_Given data:_
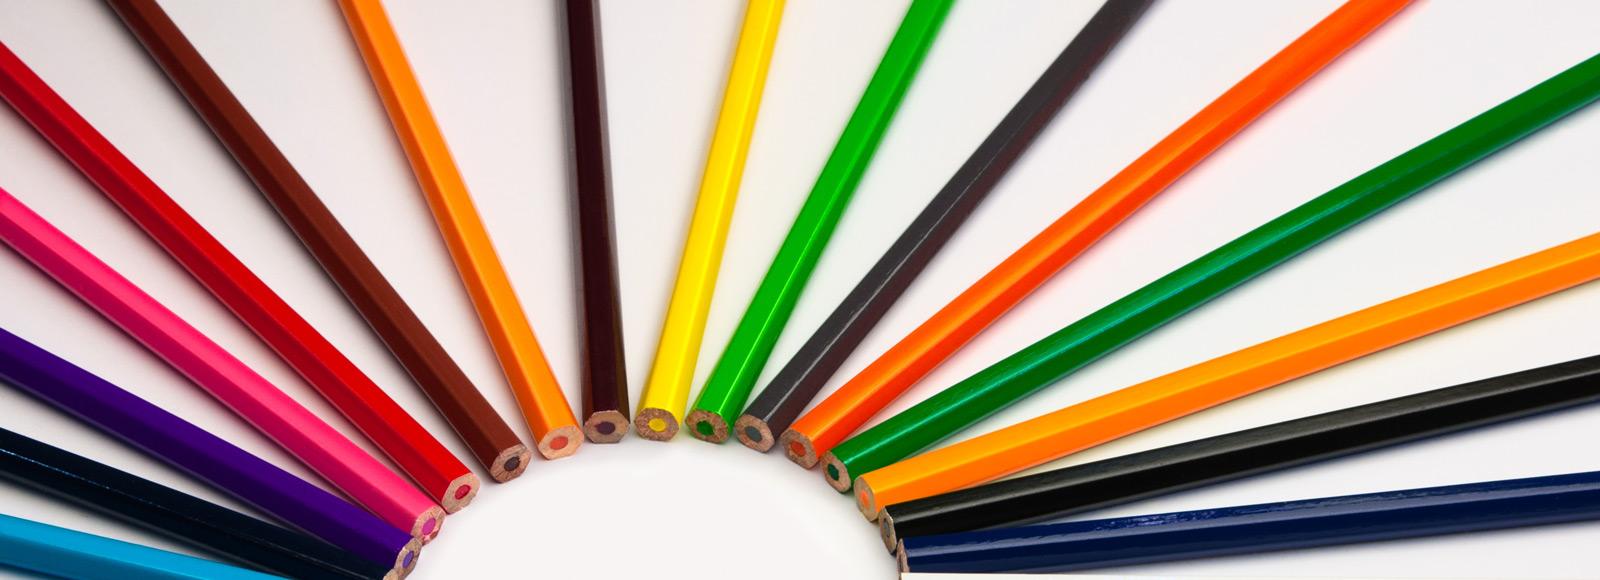 Pencils shaped into a lightbulb 'ideas'
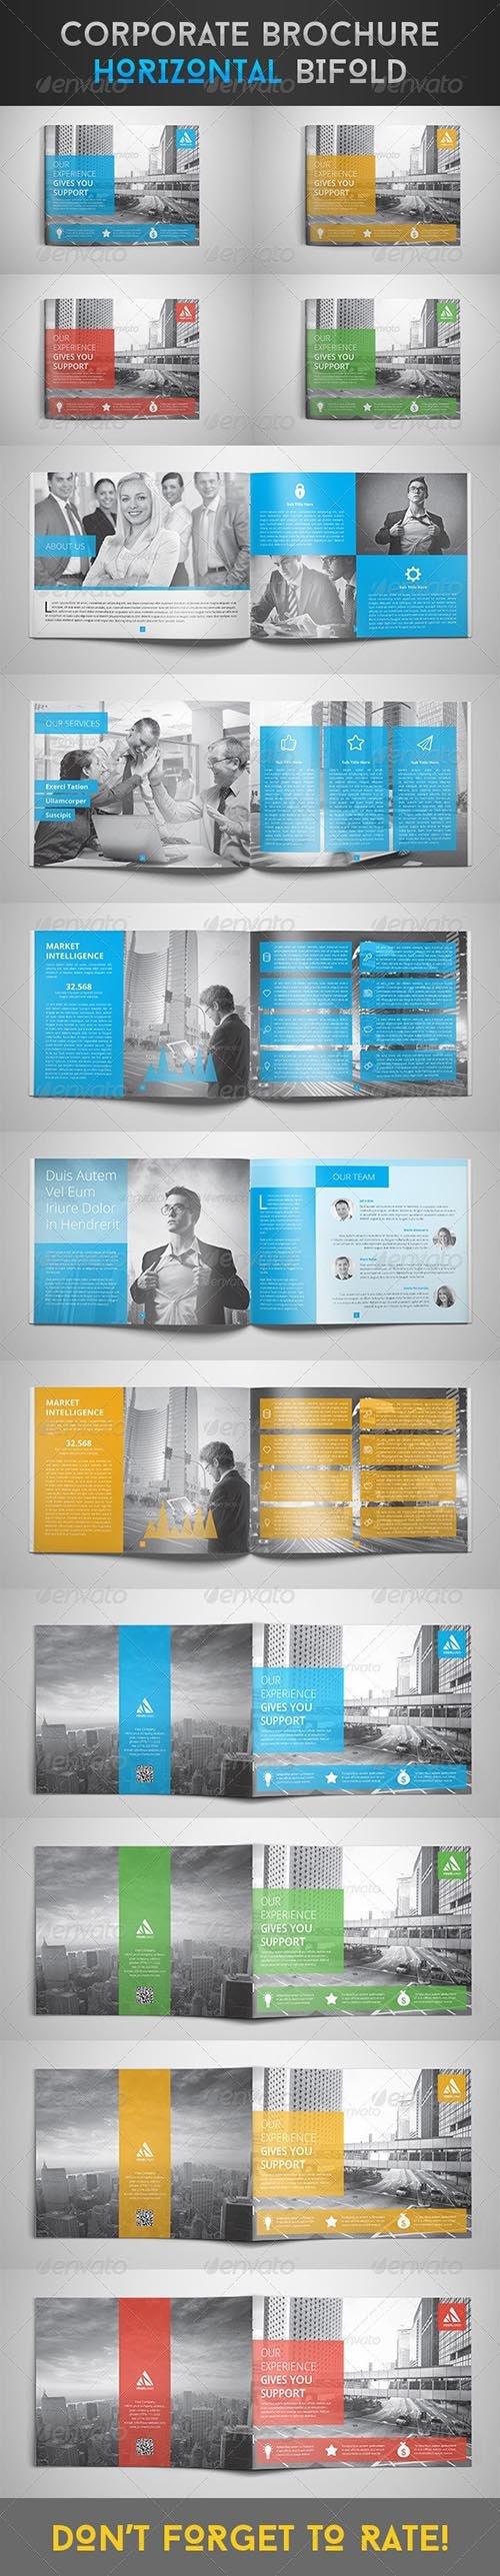 GR - Corporate Brochure - Horizontal Bi-Fold 8124753
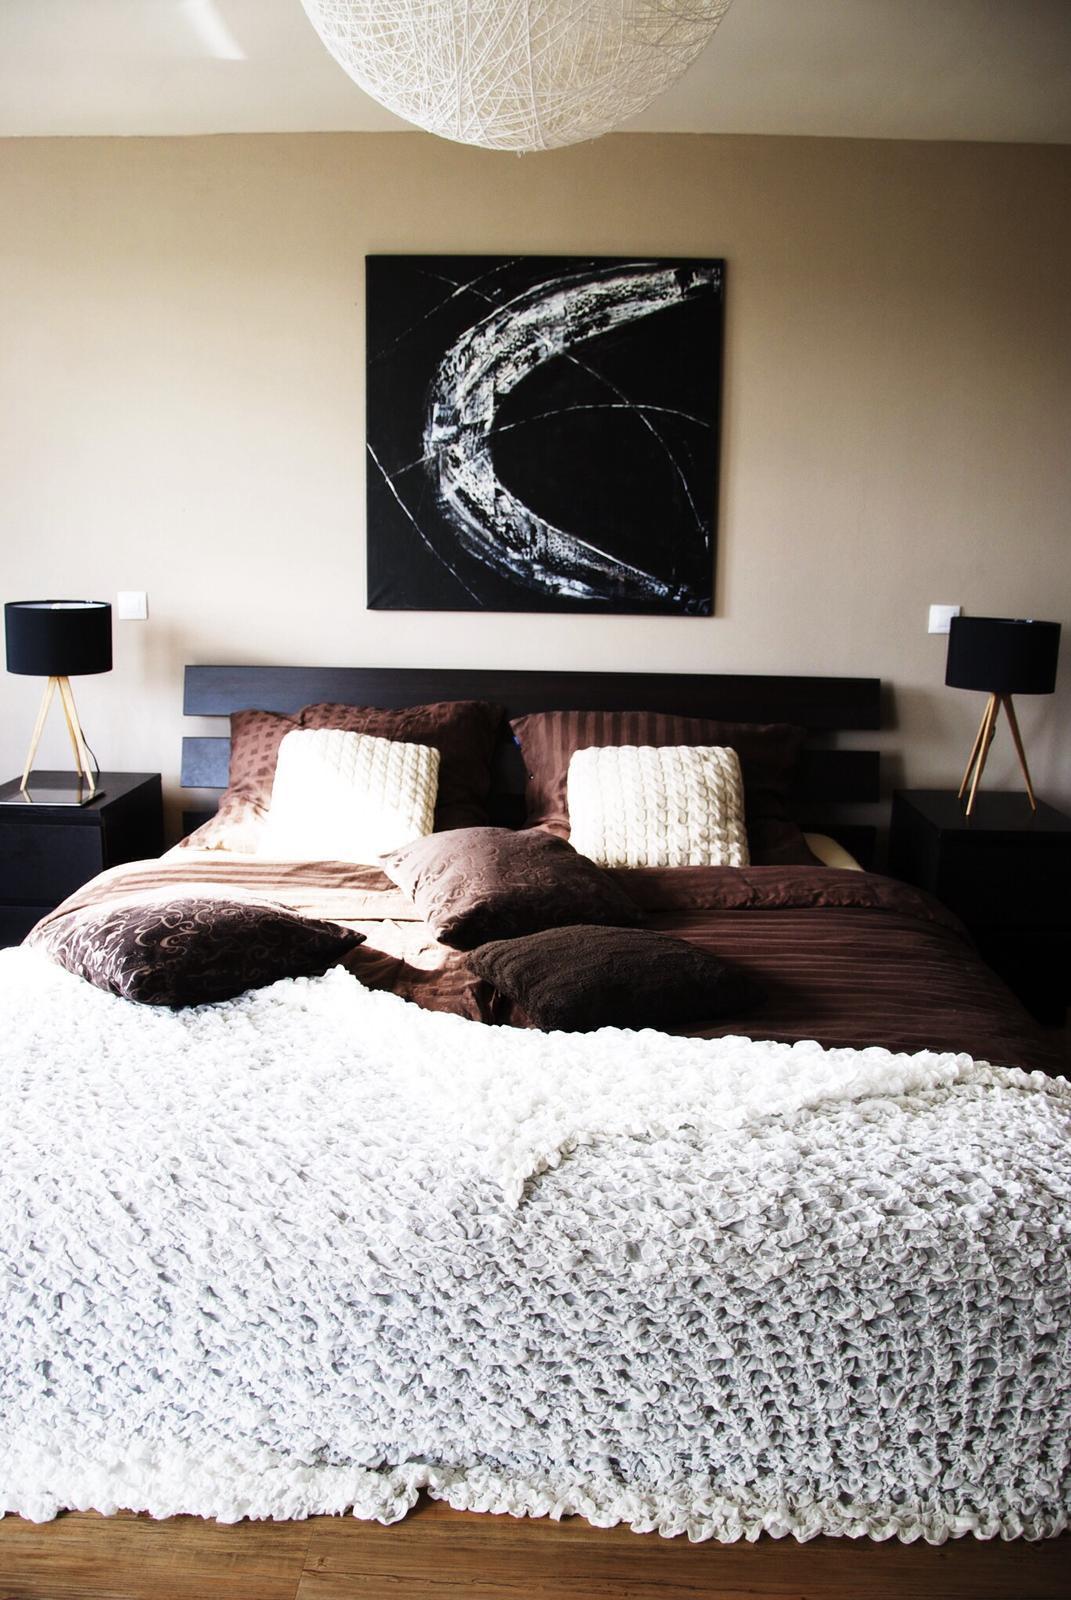 Mé obrazy v interiérech - Mléčná dráha, 95x95 cm , 8000kč na prodej
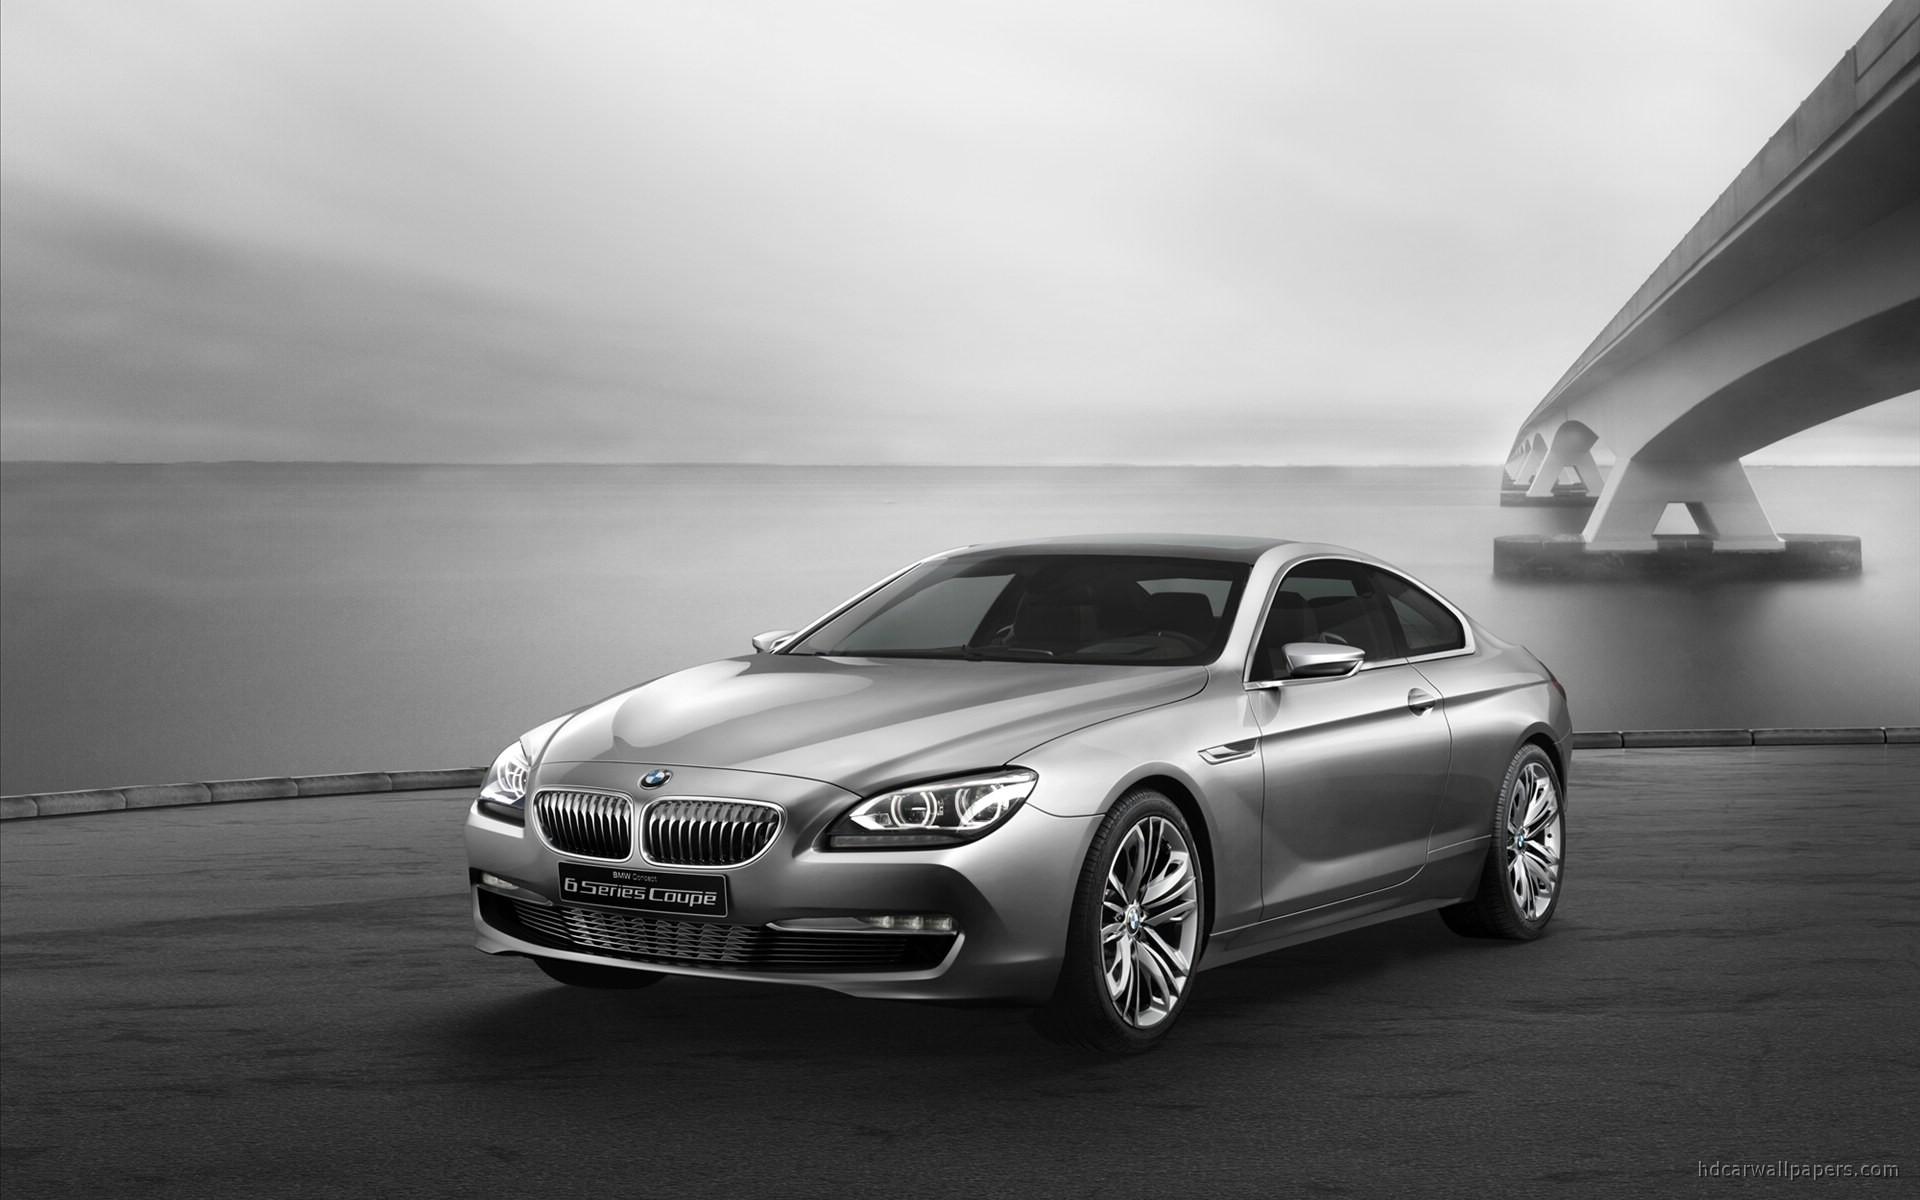 2010 BMW 6 Series Concept Wallpaper   HD Car Wallpapers ...

_What the task asks:_ Word for word, give again the lines from the line holding "GR - Corporate" through the last line of the material, both included; pictures are not part of the copy.

_Reply to the exercise:_
 GR - Corporate Brochure - Horizontal Bi-Fold 8124753
 Mé obrazy v interiérech - Mléčná dráha, 95x95 cm , 8000kč na prodej
 2010 BMW 6 Series Concept Wallpaper   HD Car Wallpapers ...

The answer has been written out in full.